\svnInfo $Id$  

\begin{figure*}[t]
  \centering
  \subfigure[In-memory database]{
    \includegraphics[keepaspectratio]{data/size.pdf}
    \label{fig:eval:size:small}
  }
  \subfigure[Disk-bound database]{
    \includegraphics[keepaspectratio]{data/size-big.pdf}
    \label{fig:eval:size:big}
  }
  \caption{Effect of cache size on peak throughput (30 second
    staleness limit)}
  \label{fig:eval:size}
\end{figure*}

\begin{figure*}[t]
  \centering
  \subfigure[In-memory database]{
    \includegraphics[keepaspectratio]{data/hitrate.pdf}
    \label{fig:eval:hitrate:small}
  }
  \subfigure[Disk-bound database]{
    \includegraphics[keepaspectratio]{data/hitrate-big.pdf}
    \label{fig:eval:hitrate:big}
  }
  \caption{Effect of cache size on cache hit rate (30 second staleness
    limit)}
  \label{fig:eval:hitrate}
\end{figure*}

We used \rubis as a benchmark to explore the performance benefits of
caching.
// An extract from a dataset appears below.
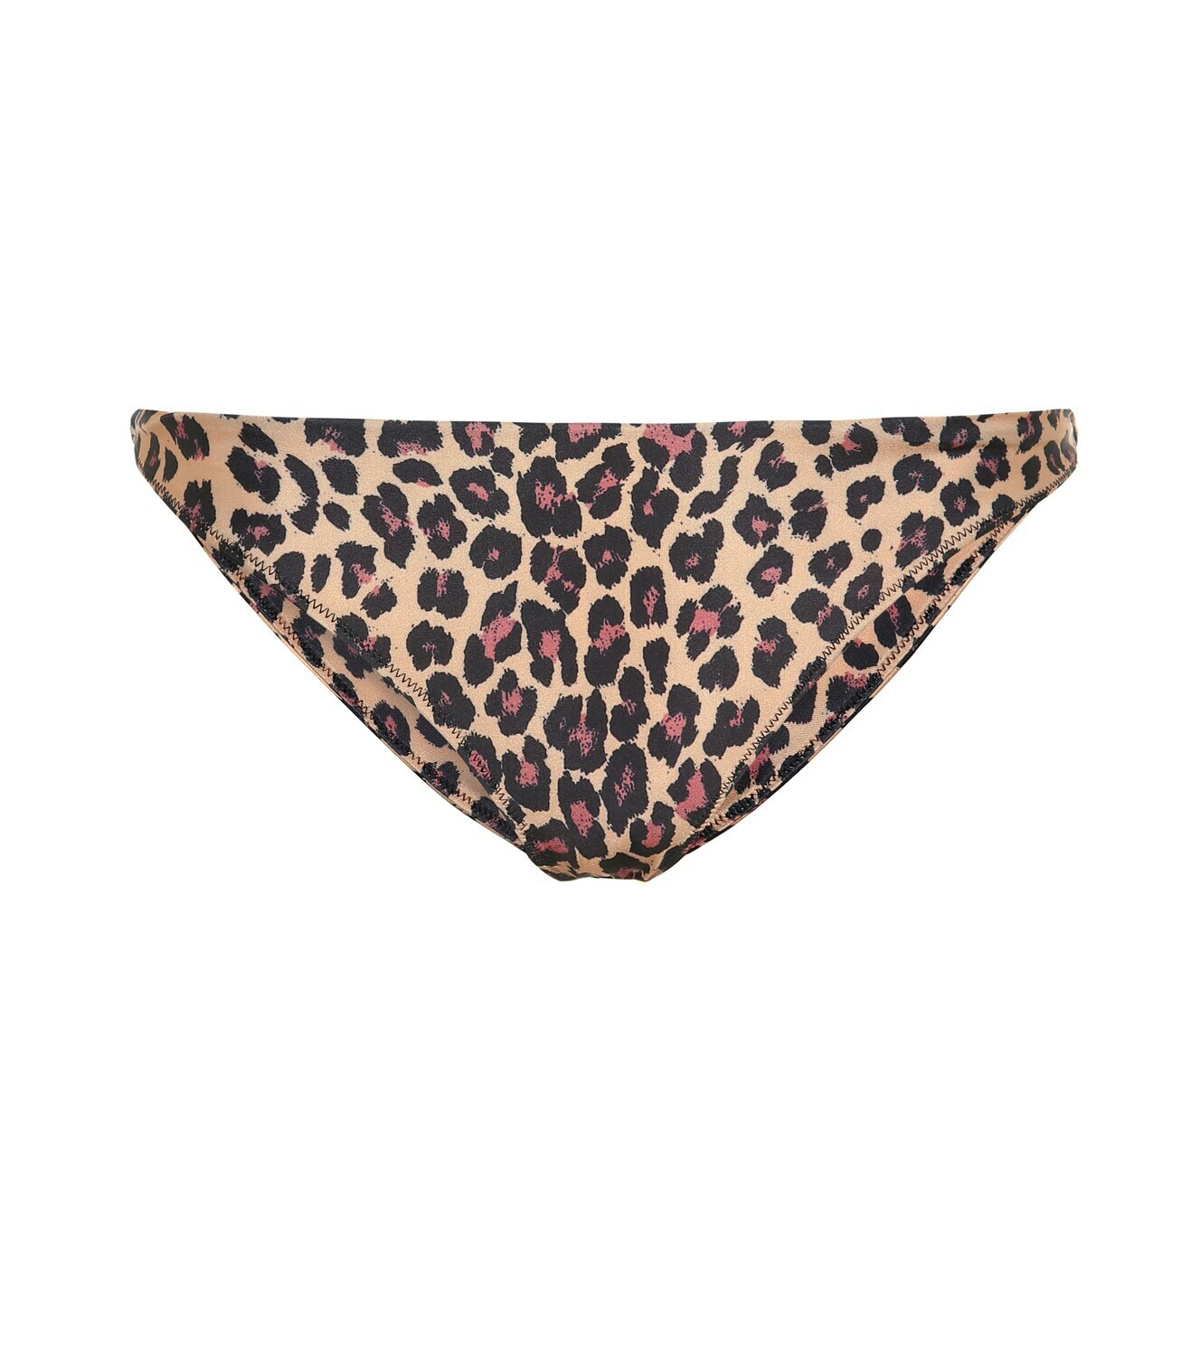 Simkhai - Leopard bikini bottoms Simkhai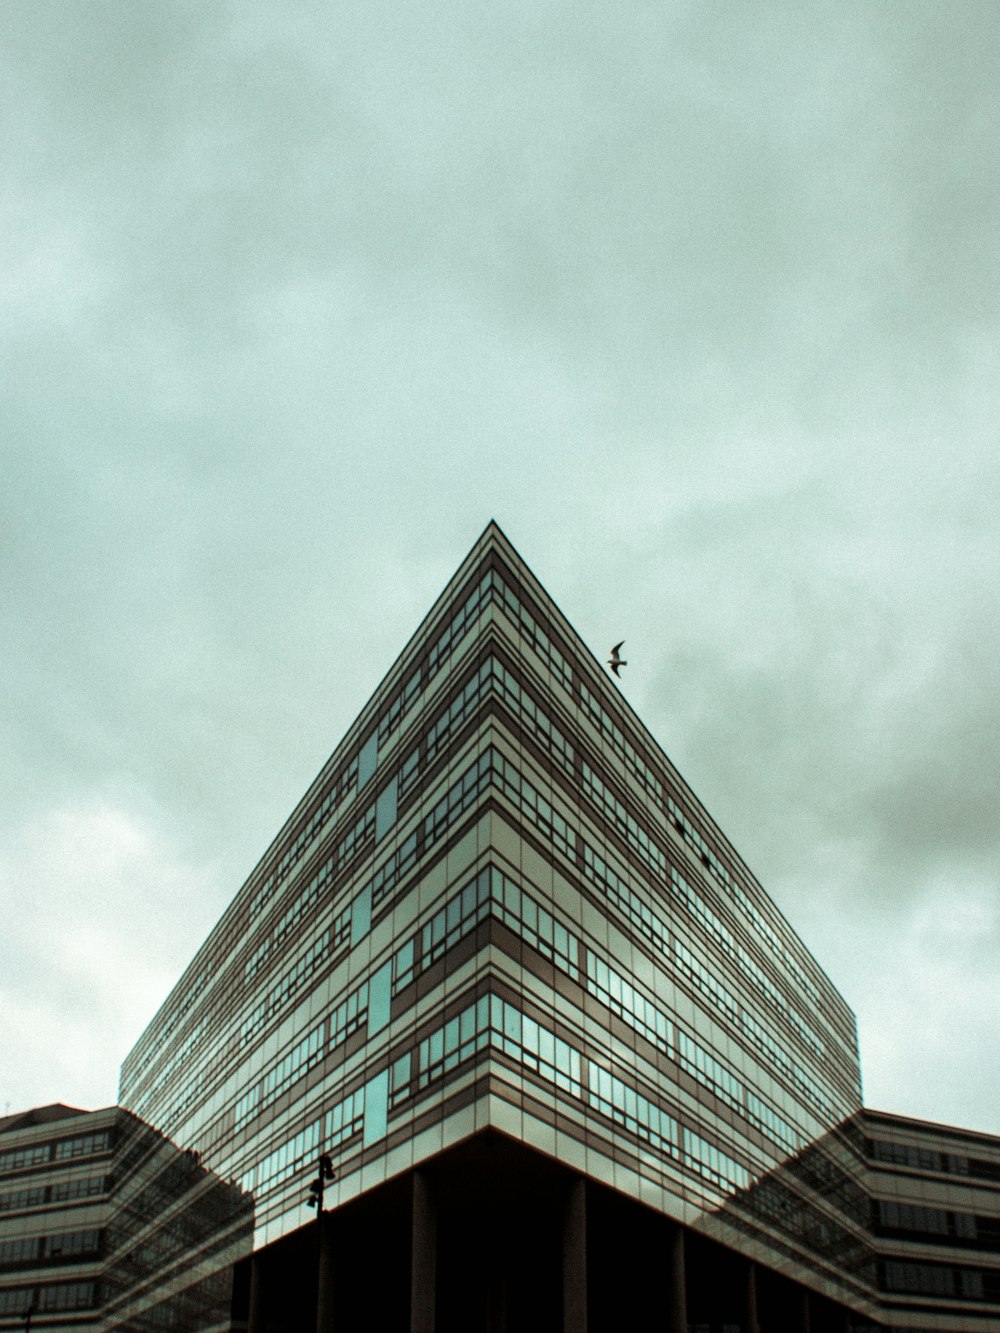 Fotografia de baixo ângulo do edifício sob nuvens Nimbus

In addition to the PHP auction site implementation described
above, \rubis provides a client emulator that simulates many
concurrent user sessions: there are 26 possible user interactions
(\eg{browsing items by category, viewing an item, or placing a bid}),
each of which corresponds to a transaction.
% The emulator repeatedly
% selects the next interaction for each client by following a transition
% matrix and each client's interactions are separated by a
% randomly-chosen ``think time''.
We used the standard \rubis
``bidding'' workload, a mix of 85\% read-only interactions (browsing)
and 15\% read/write interactions (placing bids)~with a think time with
negative exponential distribution and 7-second mean.

We ran our experiments on a cluster of 10 servers, each a Dell
PowerEdge SC1420 with two 3.20 GHz Intel Xeon CPUs, 2 GB RAM, and a
Seagate ST31500341AS 7200 RPM hard drive. The servers were connected
via a gigabit Ethernet switch, with 0.1 ms round-trip latency. One
server was dedicated to the database; it ran PostgreSQL 8.2.11 with
our modifications. The others acted as front-end web servers running
Apache 2.2.12 with PHP 5.2.10, or as cache nodes. Four other machines,
connected via the same switch, served as client emulators. Except
as otherwise noted, database server load was the bottleneck.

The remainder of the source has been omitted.